Tim Radford – Timber buildings can help to slow global heating

Tomorrow’s town planners could take a leaf from nature’s book with timber buildings. More than a leaf: the whole tree and all the cuttings as well.

Tim Radford is a founding editor of Climate News Network

Cross-posted from Climate News Network

European and US scientists have a root-and-branch answer to the challenge of tomorrow’s cities: switch to wood, construct timber buildings and reduce the risk of even more devastating global temperature rise.

Their reasoning is bold and simple: it takes energy to make steel and cement, which must be mined or quarried, a process that puts the remaining wilderness at risk.

Forests represent stored atmospheric carbon. If timber from the planet’s forests could be used to construct the houses and offices needed for the additional 2.3 billion urban dwellers expected by the year 2050, then that would mean that the great cities could become sinks or repositories of stored carbon.

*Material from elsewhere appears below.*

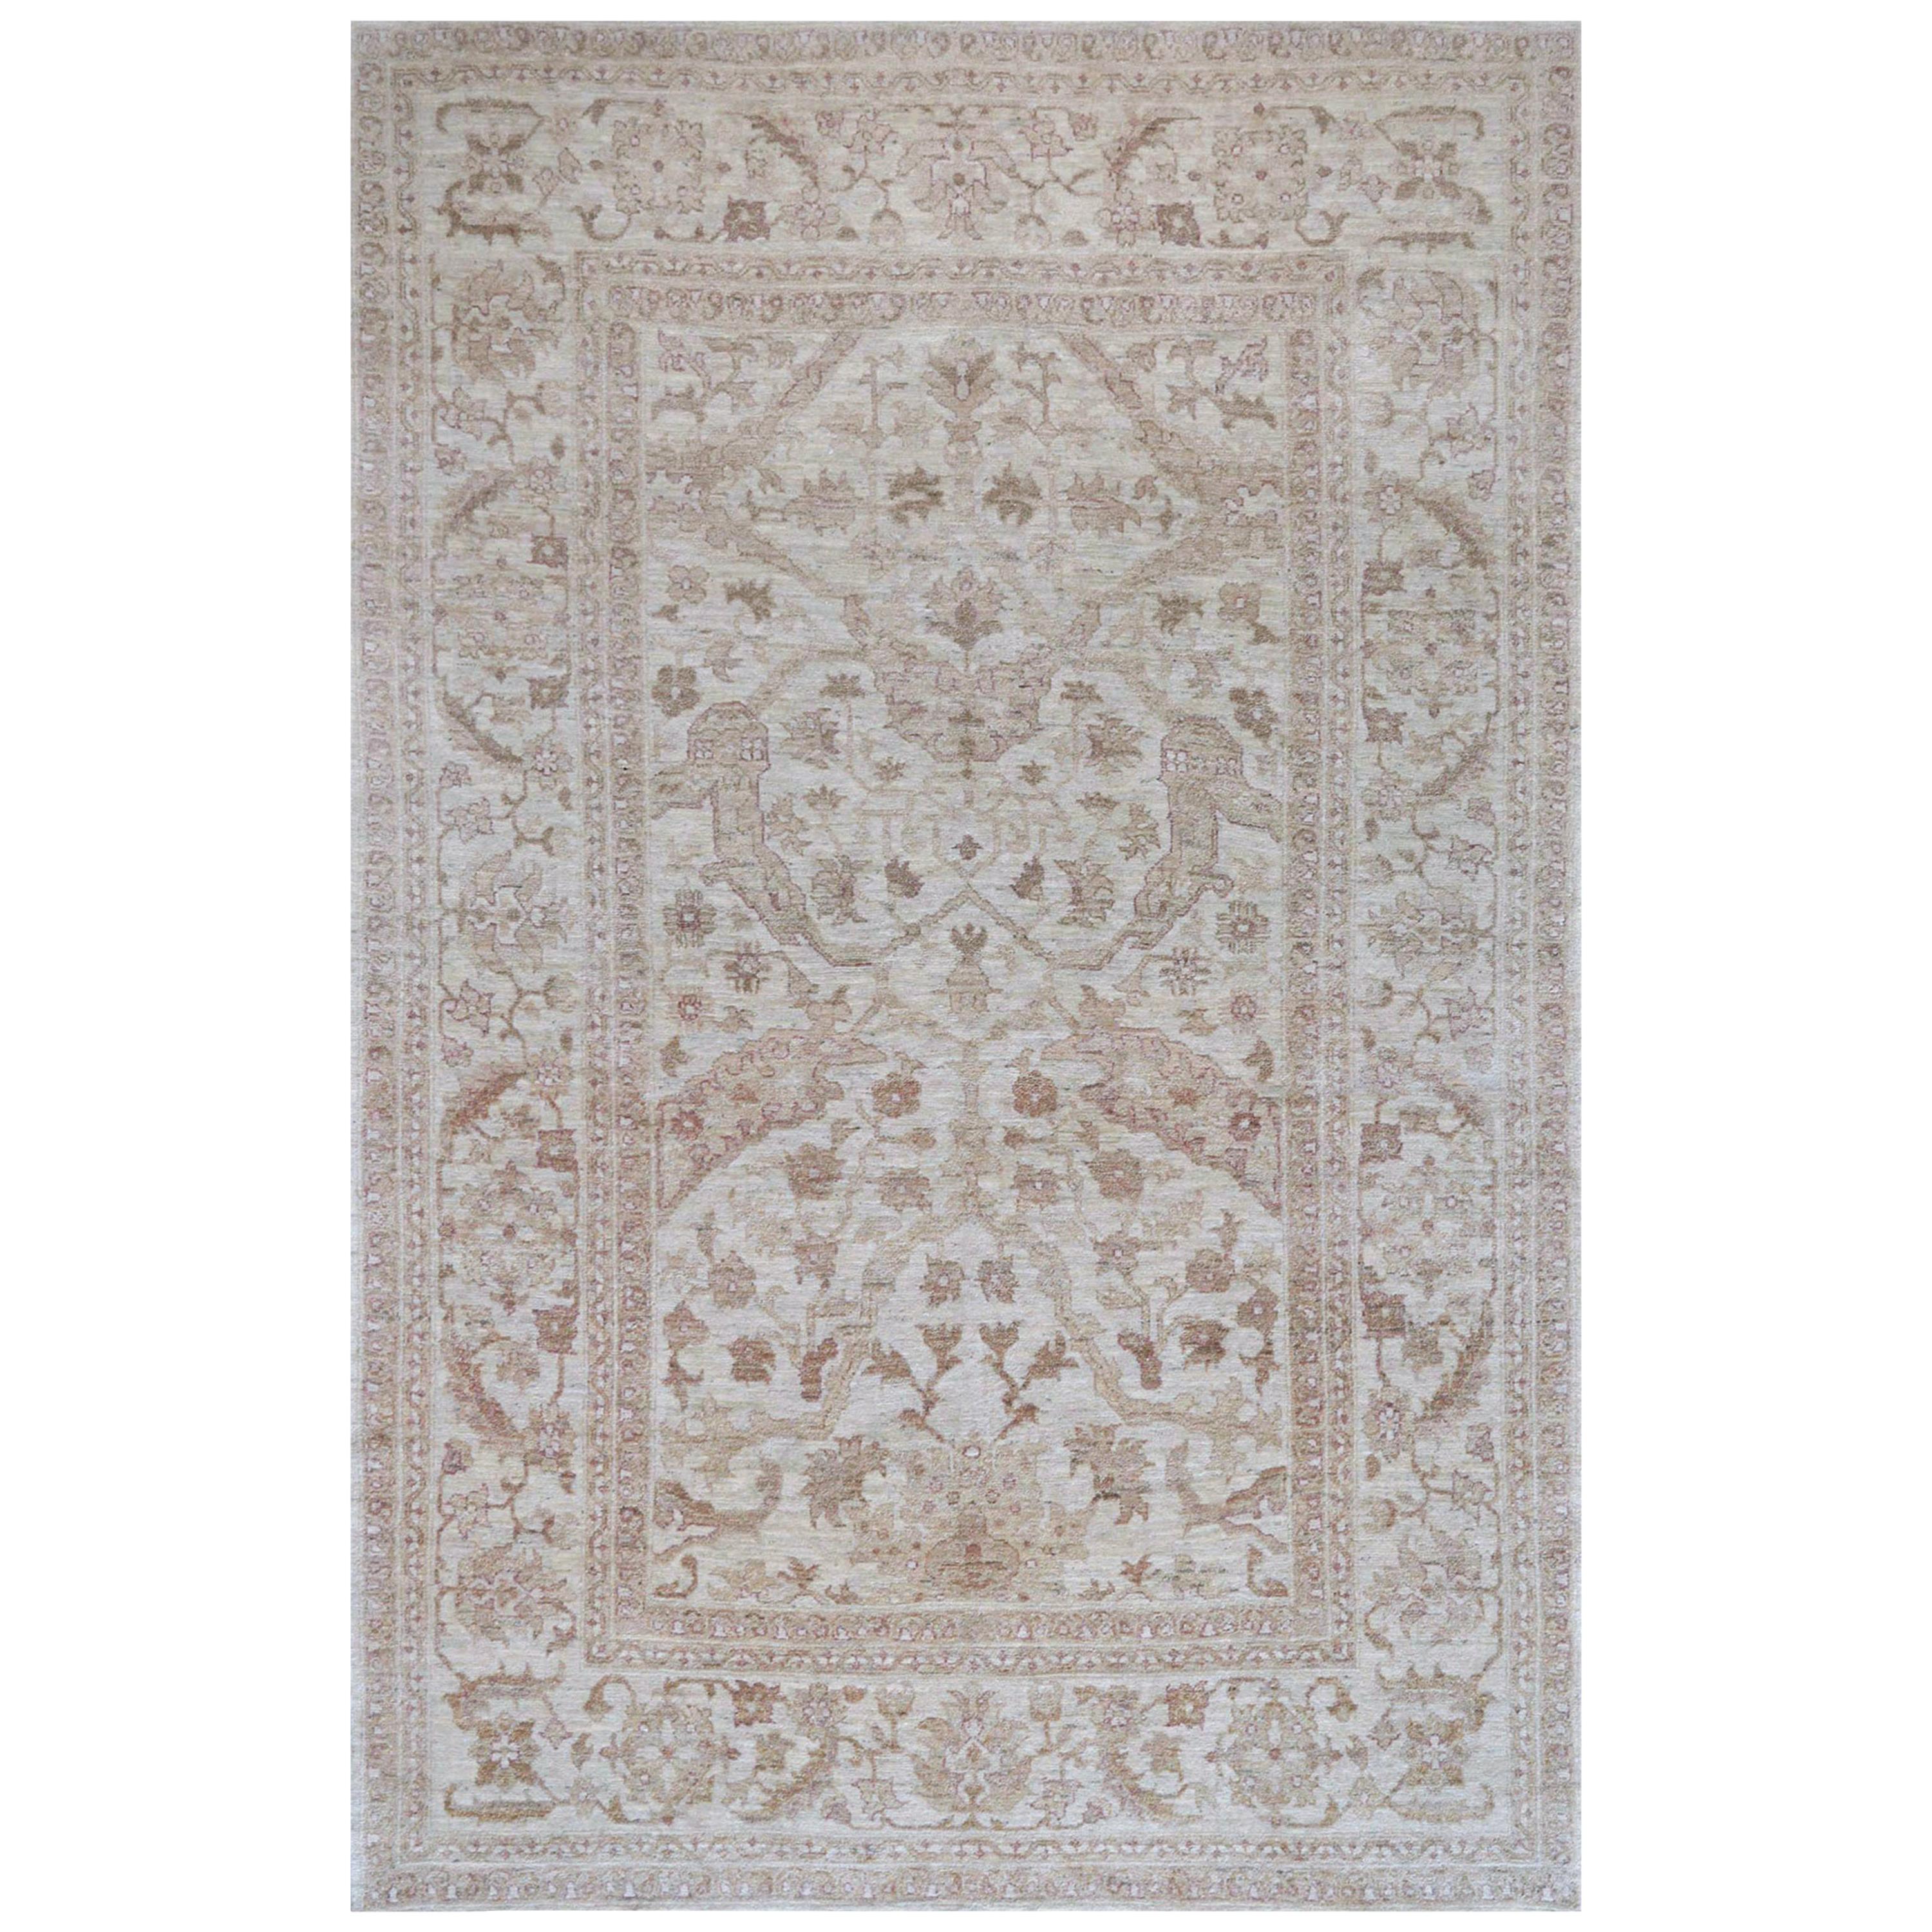 Quality Hand-Knotted Wool Revival Agra Rug

And new trees could grow in the space left by the harvested timber to add to the world inventory of stored carbon. The new towns and cities could become a kind of bank vault in which to save up to 700 million tonnes of carbon a year that might otherwise have spilled into the atmosphere as the greenhouse gas carbon dioxide.

“Since the beginning of the industrial revolution we have been releasing into the atmosphere all of this carbon that had been stored in forests and in the ground,” said Galina Churkina, of the Potsdam Institute for Climate Impact Research, Germany.

“We wanted to show that there can be a vision for returning much of this carbon back into the land.”

Strong fire-resistance

Wood is a fuel. It burns well. Paradoxically tree trunks, and treated timber assembled from laminates, do not. Structural timbers may char in a fire, but this has been shown to make them more resistant to burning. Experiment and research has shown that buildings of engineered timber up to 18 stories in height can be resistant to fire.

In effect, atmospheric carbon, turned into high-strength wood fibre by photosynthesis, could be made as safe as reinforced concrete. But, according to a new study in the journal Nature Sustainability, in 2014 the making of cement spilled 1,320 million tonnes of carbon dioxide into the atmosphere and steel manufacture added another 1,740 million tonnes.

And between 2005 and 2015, mining in Brazil alone was responsible for 9% of the loss of all Amazon forest land during that decade: the act of prospecting for or extracting mineral commodities destroyed 12 times more than the areas stipulated in the mining leases.

The Potsdam scientists are not the first to suggest wood as an alternative to bricks and mortar, or bamboo as a replacement for cement, steel and glass. But their analysis may be the most detailed so far of a new way to confront the challenge of tomorrow’s climate-tested cities.

The researchers built a series of scenarios to test their hypothesis. New city structures must be built to accommodate an additional million or more humans every week for the next three decades. The proportion now expected to be fashioned from timber is half of 1%.

“Trees offer us a technology of unparalleled perfection. If we engineer the wood into modern building materials we humans can build ourselves a safe home on Earth”

A five-storey house made from laminated timber could store 180 kilos of carbon a square meter: that is three times the biomass above ground in natural forests. If construction from wood was stepped up to 10%, new construction could store 10 million tonnes of carbon a year; if the world switched to 90% this figure could rise to almost 700 million tonnes.

“Trees offer us a technology of unparalleled perfection,” said Hans Joachim Schellnhuber, a co-author of the study and a founder director of the Potsdam Institute.

“They take CO2 out of our atmosphere and smoothly transform it into oxygen for us to breathe and carbon in their trunks for us to use. There’s no safer way of storing carbon I can think of.

“Societies have made good use of wood for buildings for many centuries, yet now the challenge of climate stabilisation calls for a very serious upscaling. If we engineer the wood into modern building materials and smartly manage harvest and construction, we humans can build ourselves a safe home on Earth.”